> **Exercise details**: When you reach the line containing "Антенны для передачи данных по радиоканалу", please repeat it and every line after it exactly, through the end of the listing below, skipping pictures.

> **Supplied material**:
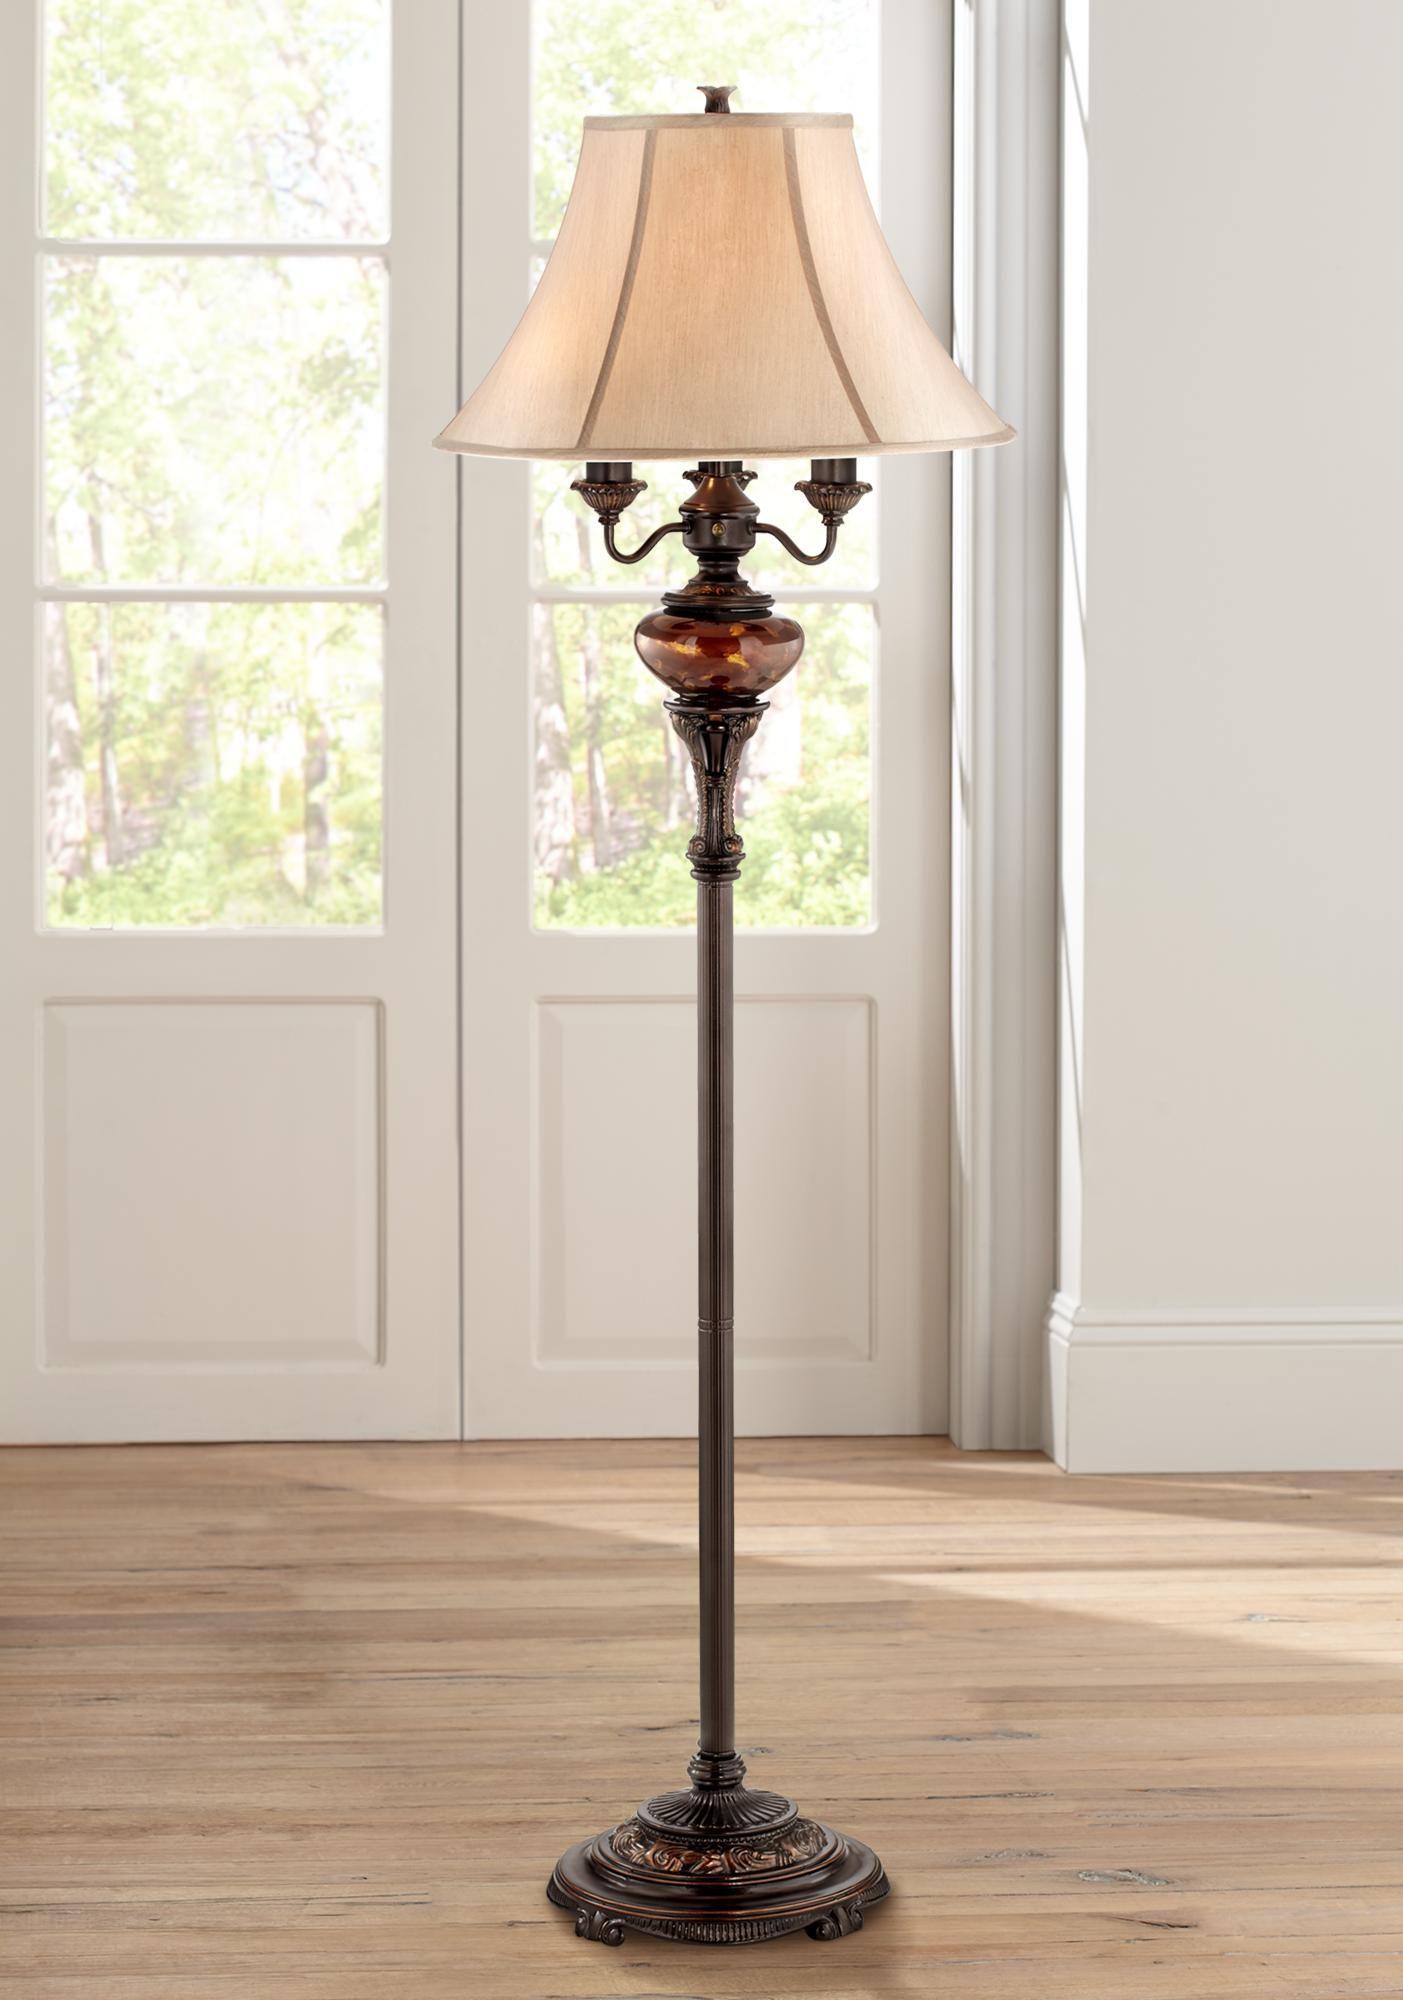 Floor Lamps Bronze Tortoise Shell Font Floor Lamp By Barnes And Ivy In 2020 Traditional Floor Lamps Swing Arm Floor Lamp Bronze Floor Lamp
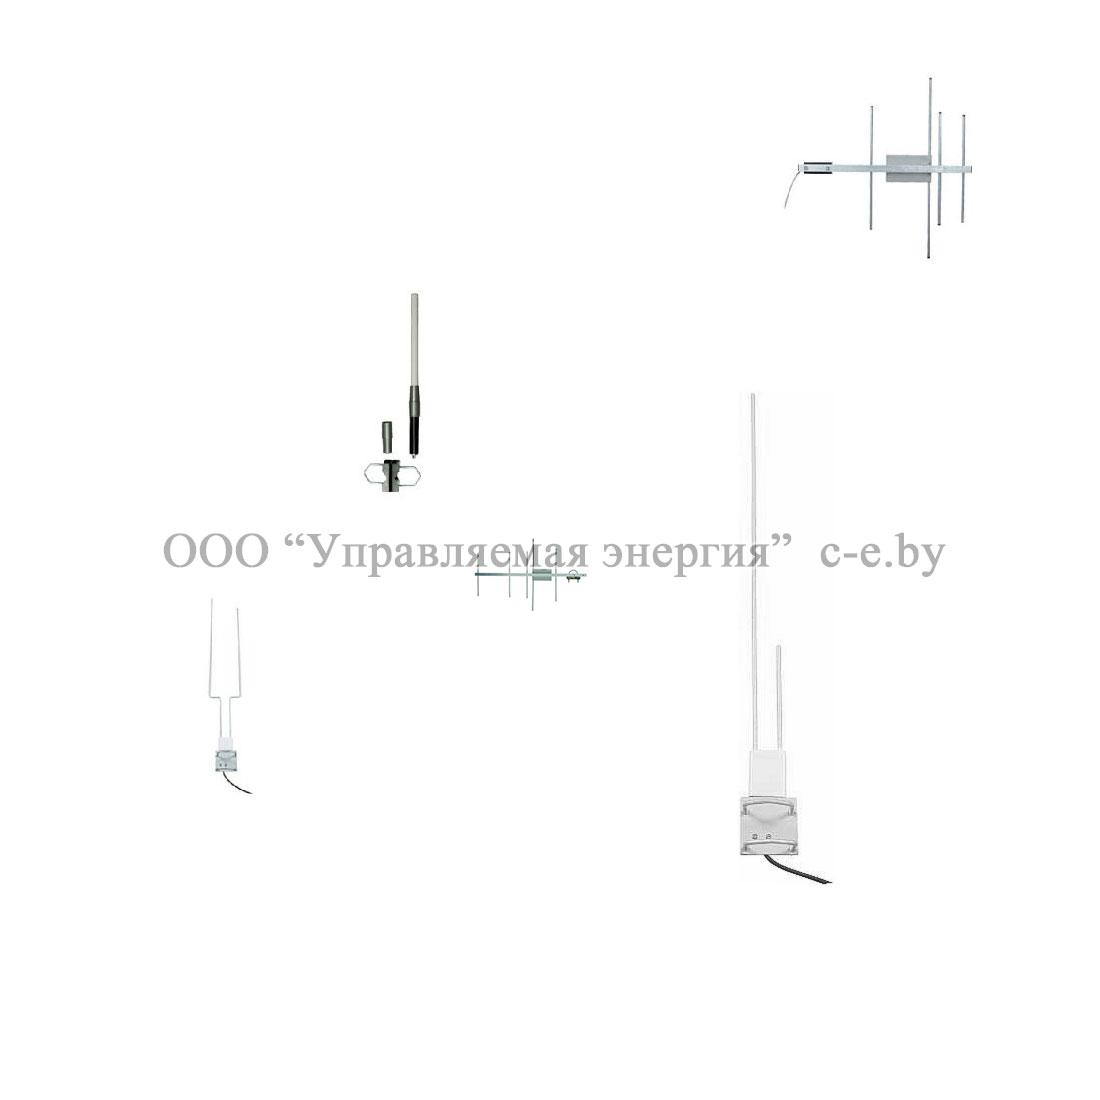 Антенны для передачи данных по радиоканалу
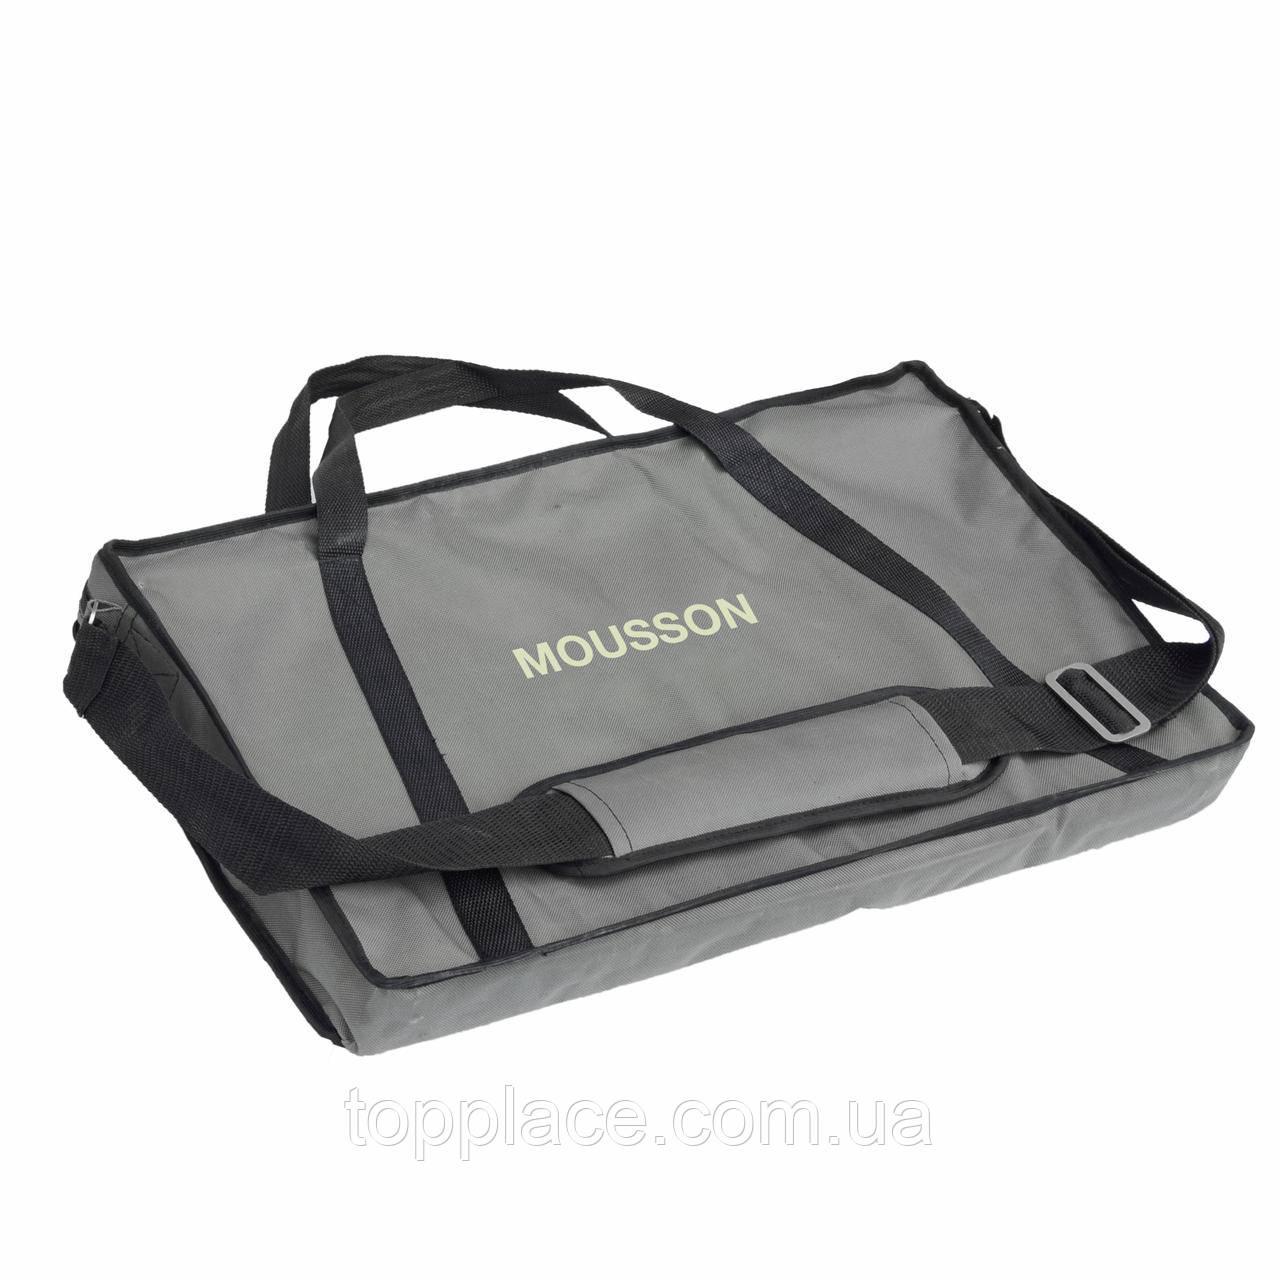 Сумка для мангала MOUSSON B10 (7963)
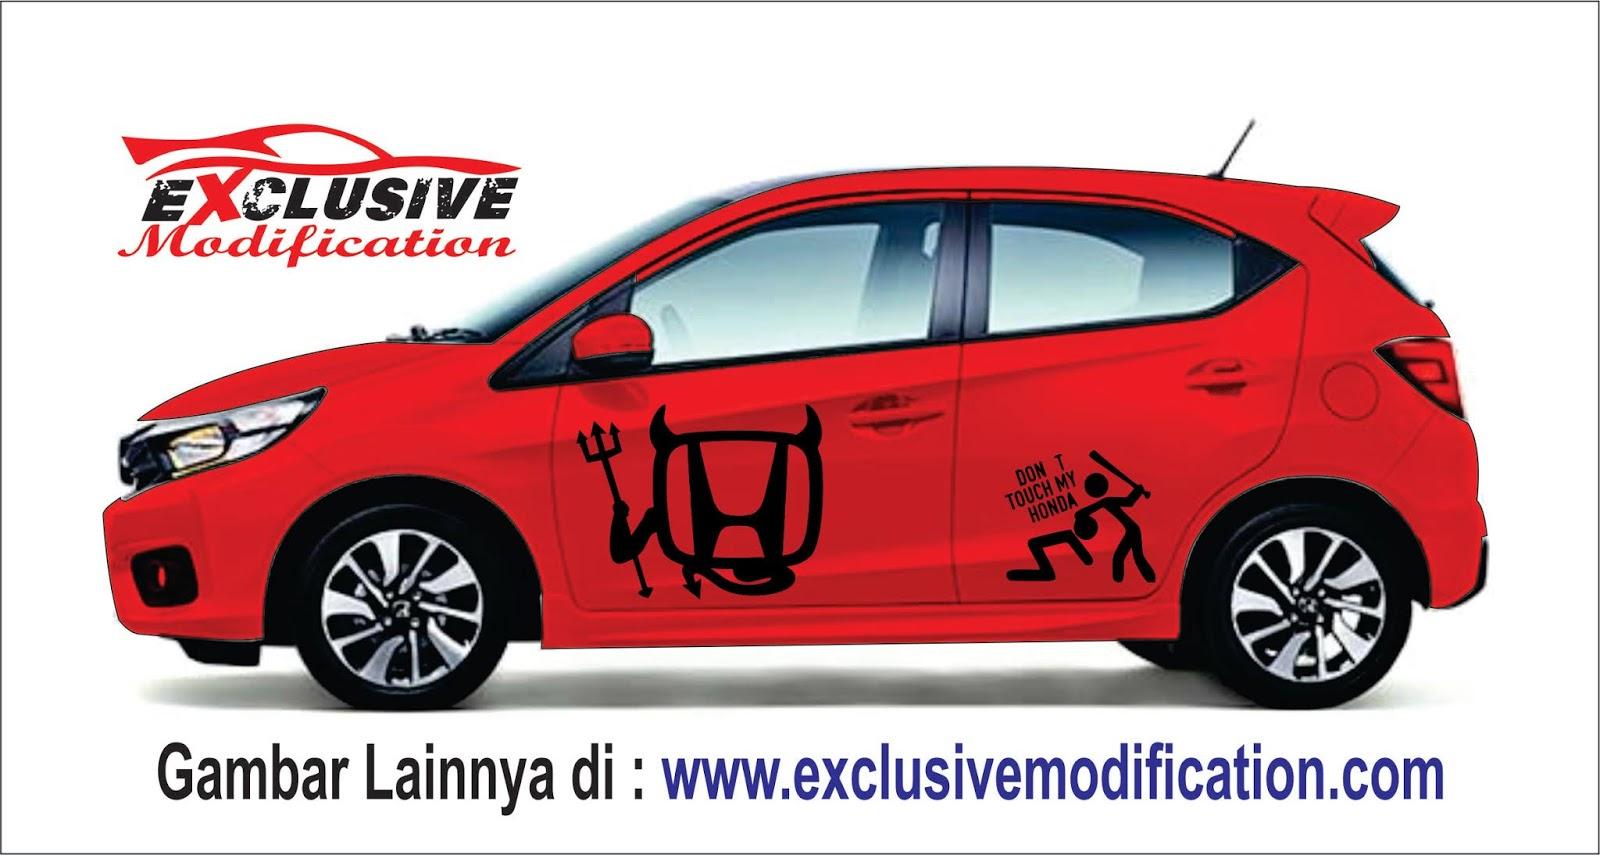 Modifikasi Motif Cutting Sticker Mobil Datsun Go 2019 Retromodif

> **Answer box**:
 Антенны для передачи данных по радиоканалу
 Сумка для мангала MOUSSON B10 (7963)
 Modifikasi Motif Cutting Sticker Mobil Datsun Go 2019 Retromodif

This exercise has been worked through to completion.